### Dataset section:

▶

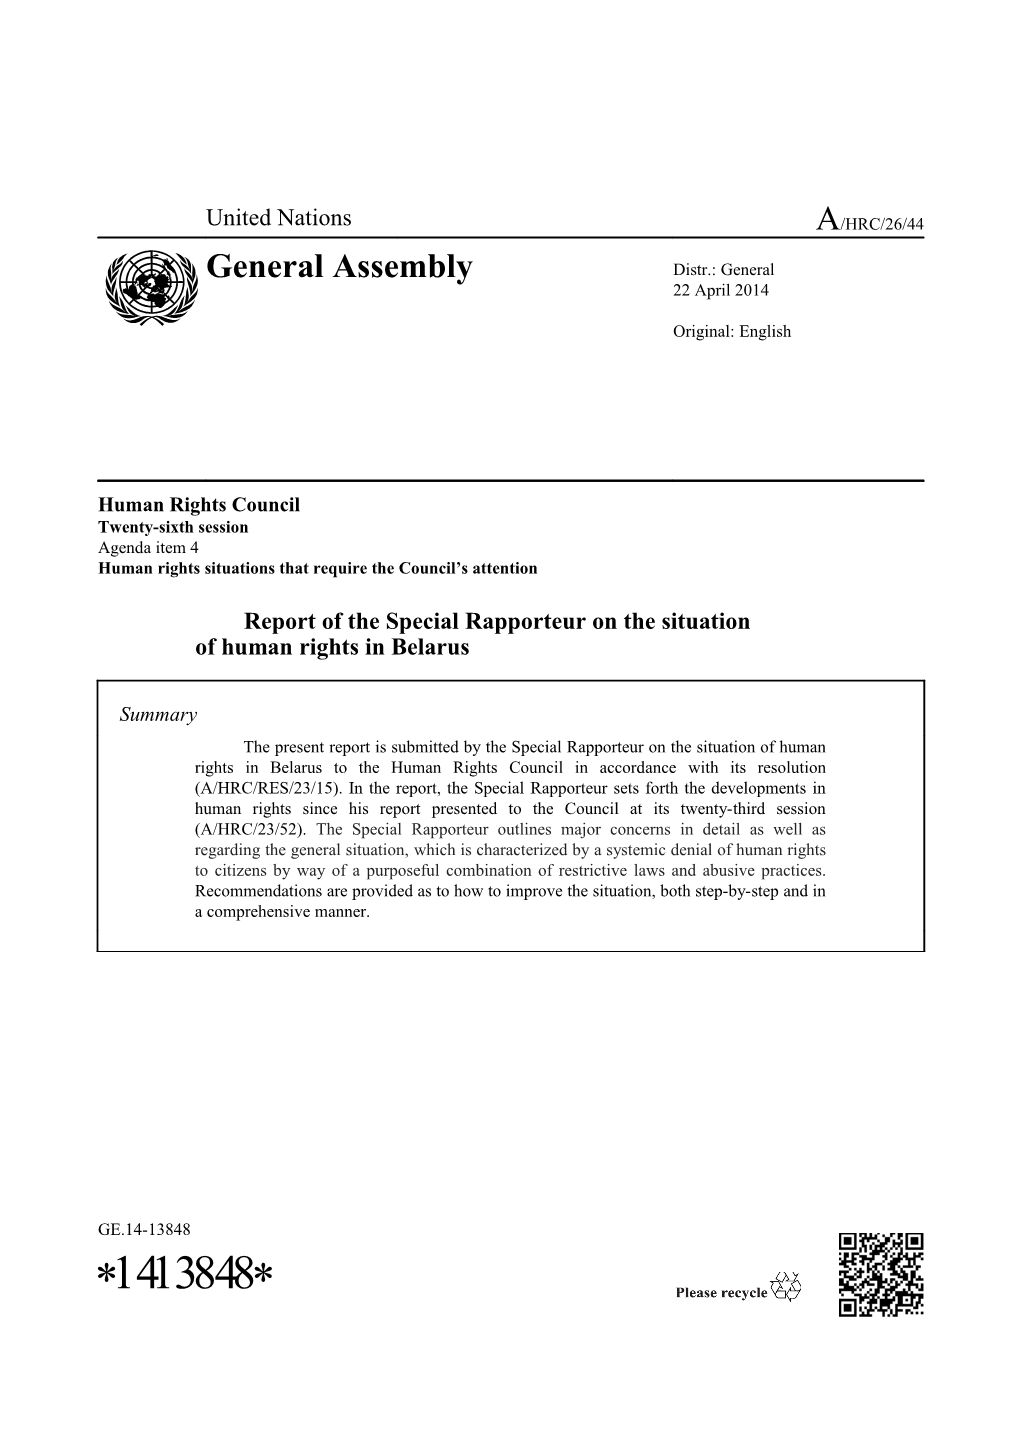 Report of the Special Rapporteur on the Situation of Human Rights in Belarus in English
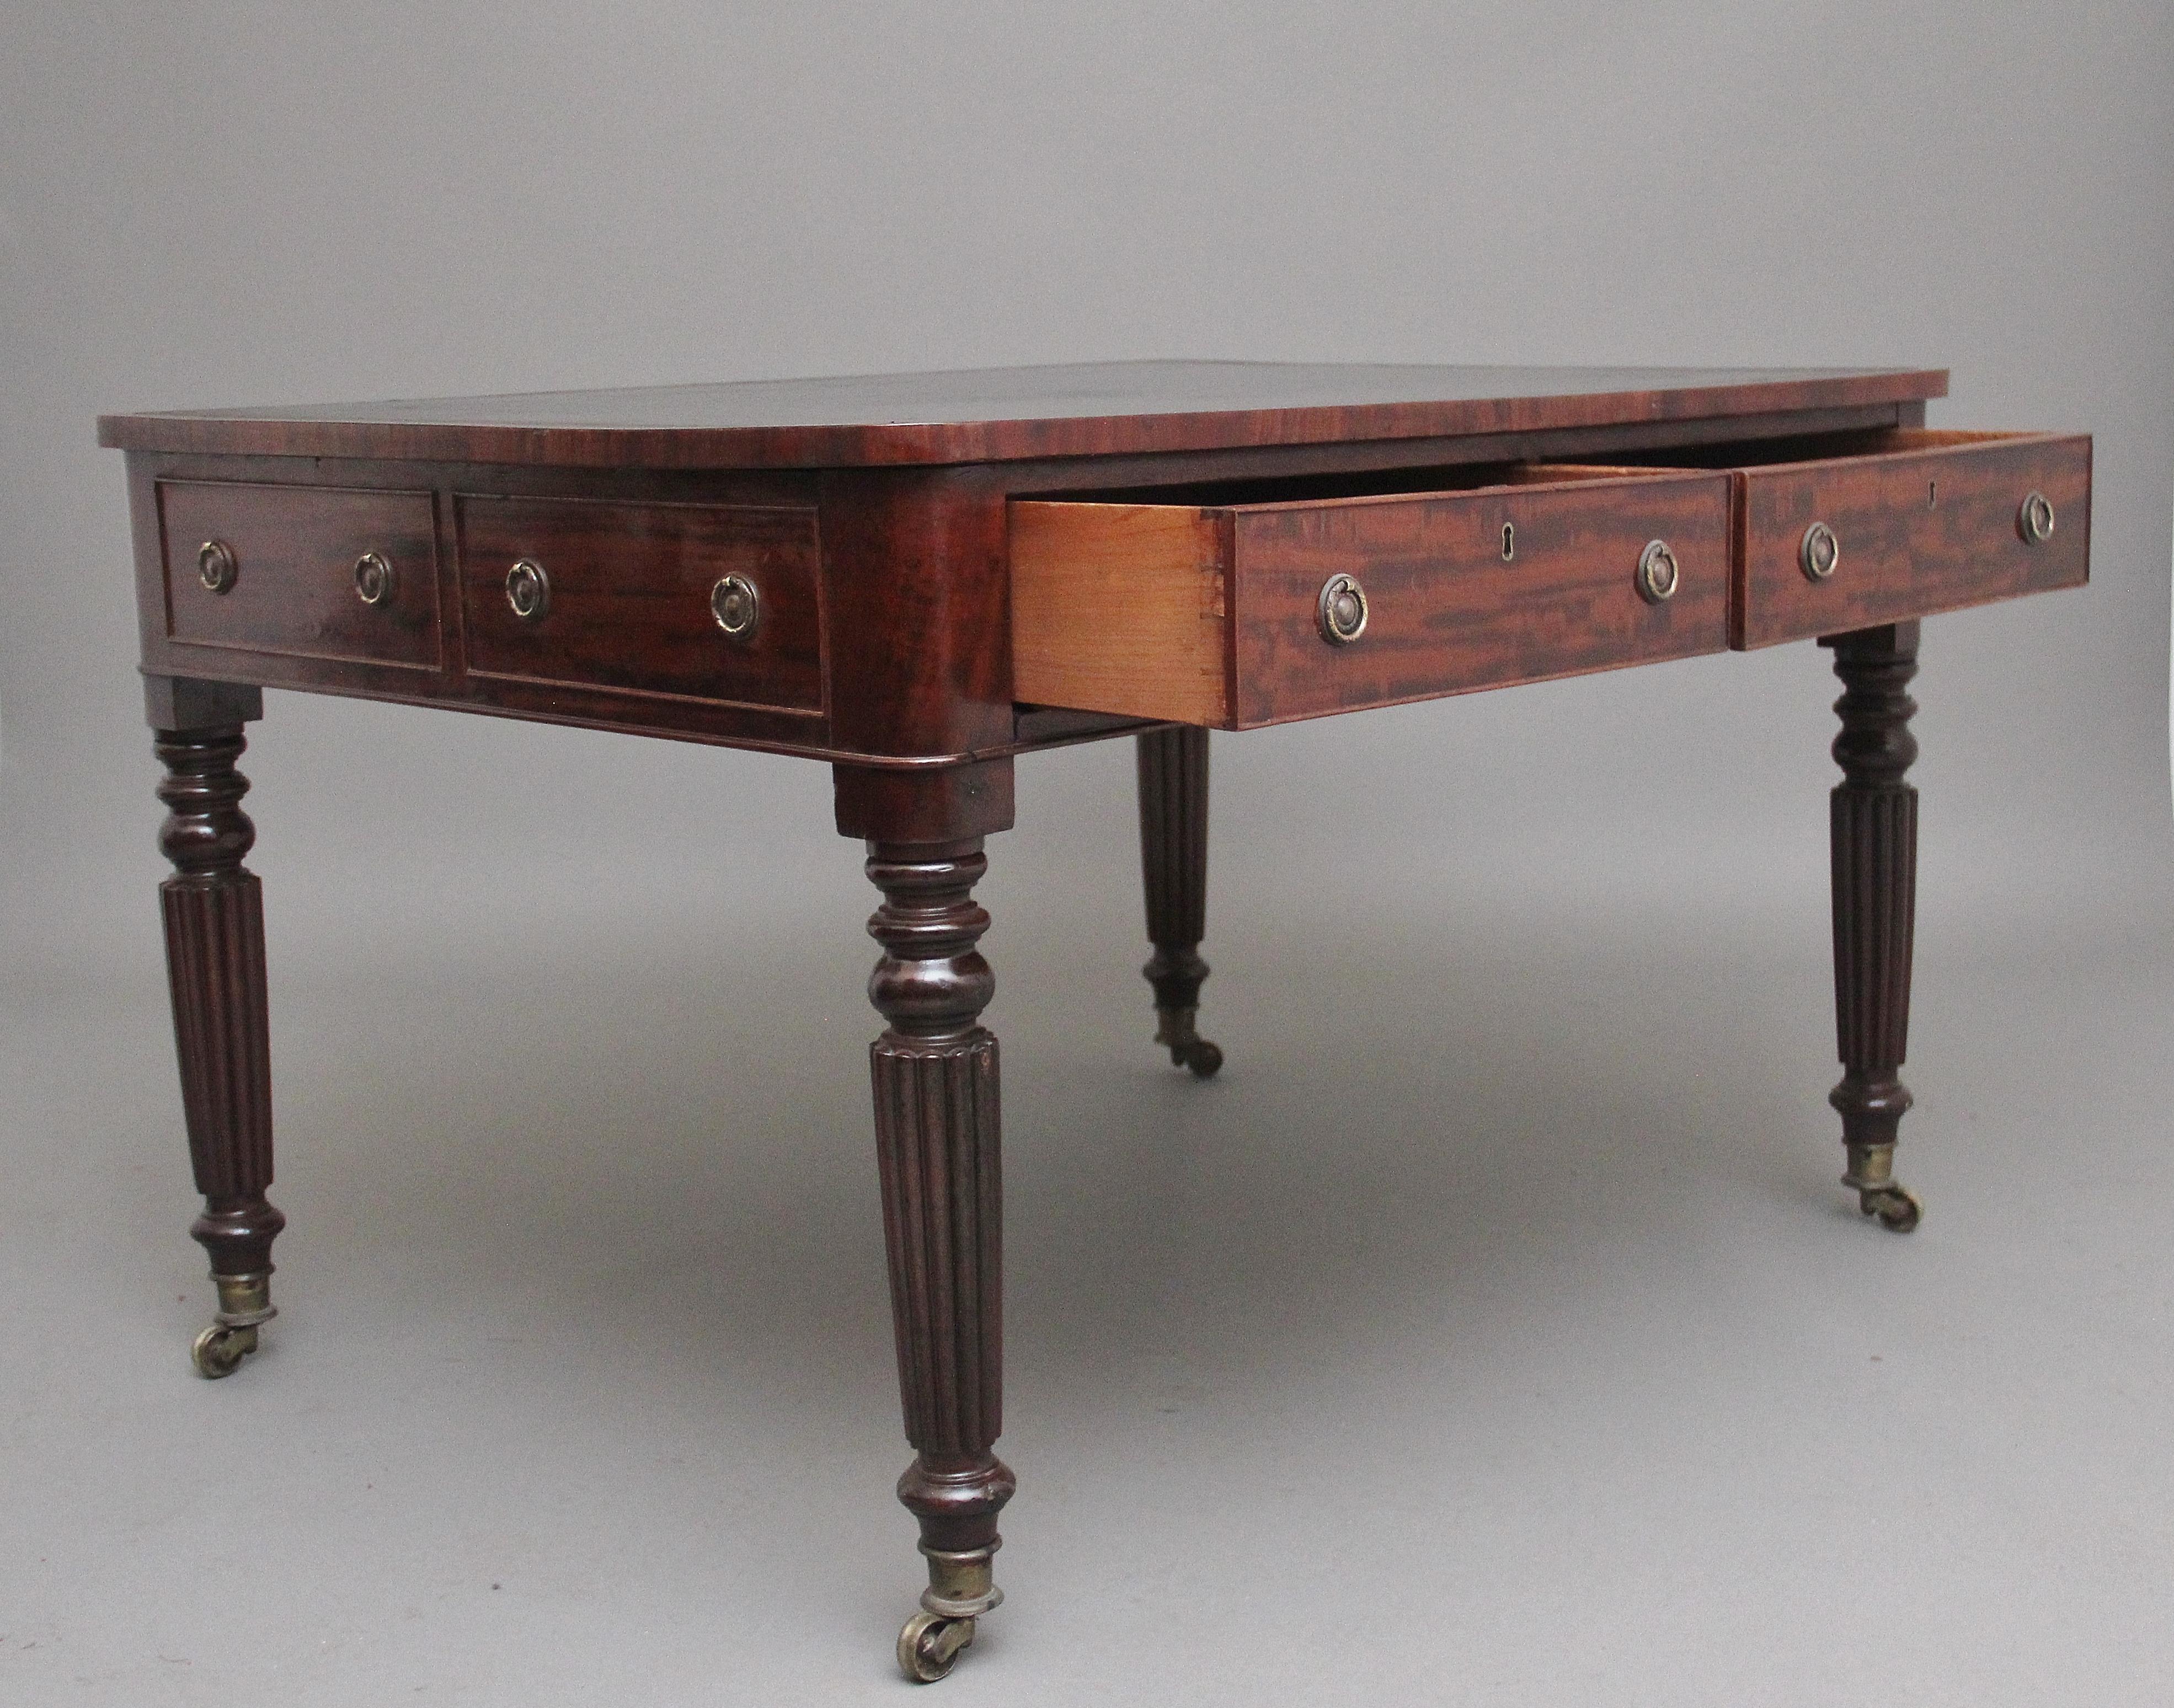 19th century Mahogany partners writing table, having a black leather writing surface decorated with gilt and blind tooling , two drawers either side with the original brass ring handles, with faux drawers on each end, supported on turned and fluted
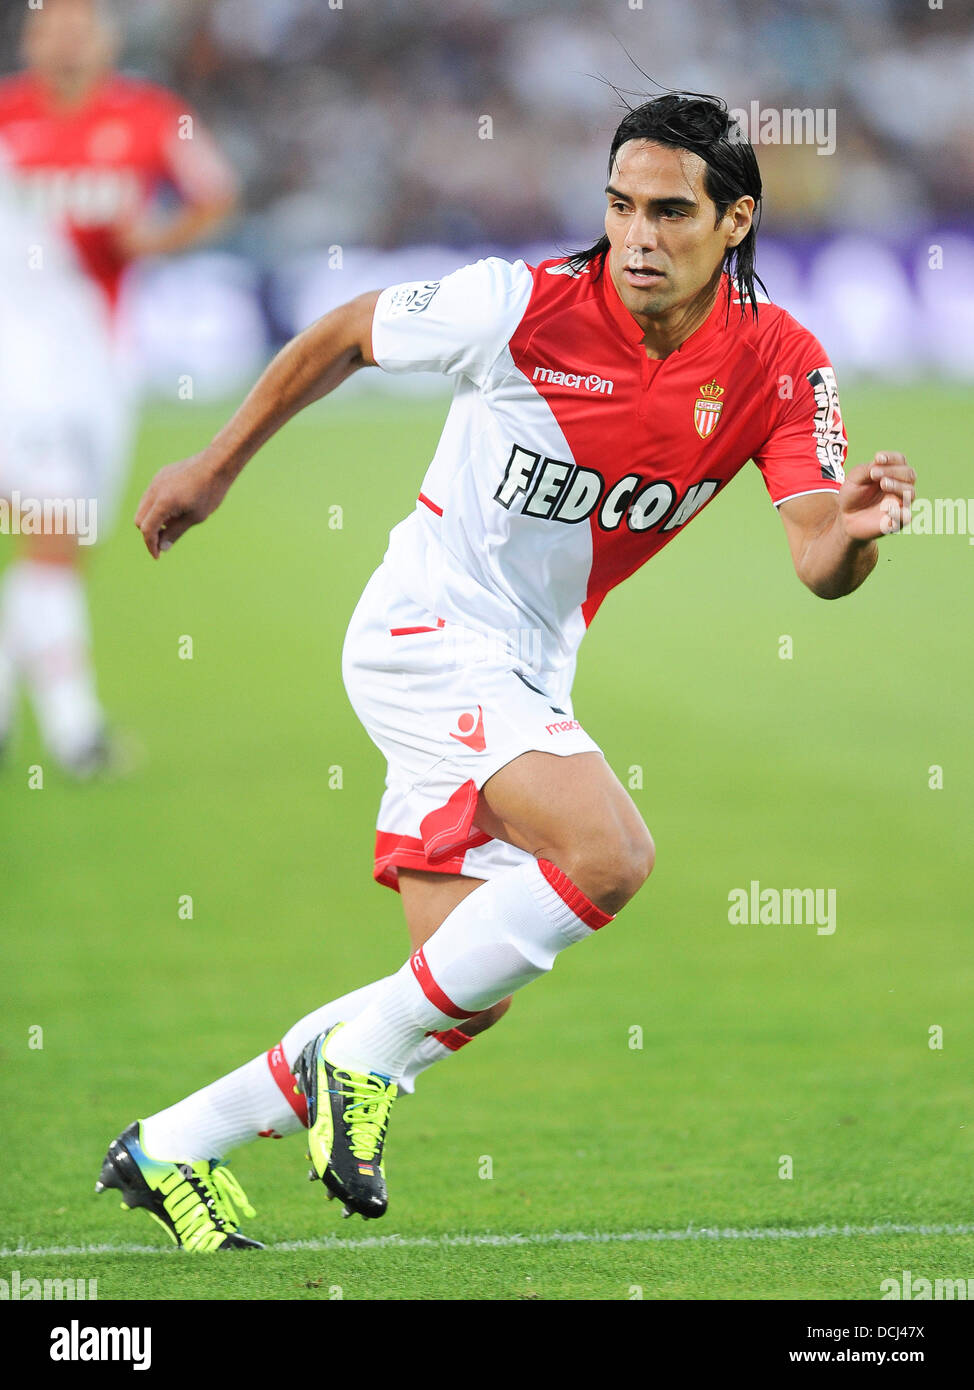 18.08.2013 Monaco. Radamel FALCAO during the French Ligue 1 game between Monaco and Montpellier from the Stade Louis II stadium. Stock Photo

◀

### Task item:
Leave the pictures out. Otherwise, output the listing above exactly.

### Answer box:
 Report of the Special Rapporteur on the Situation of Human Rights in Belarus in English
 19th century Mahogany partners writing table, having a black leather writing surface decorated with gilt and blind tooling , two drawers either side with the original brass ring handles, with faux drawers on each end, supported on turned and fluted
 18.08.2013 Monaco. Radamel FALCAO during the French Ligue 1 game between Monaco and Montpellier from the Stade Louis II stadium. Stock Photo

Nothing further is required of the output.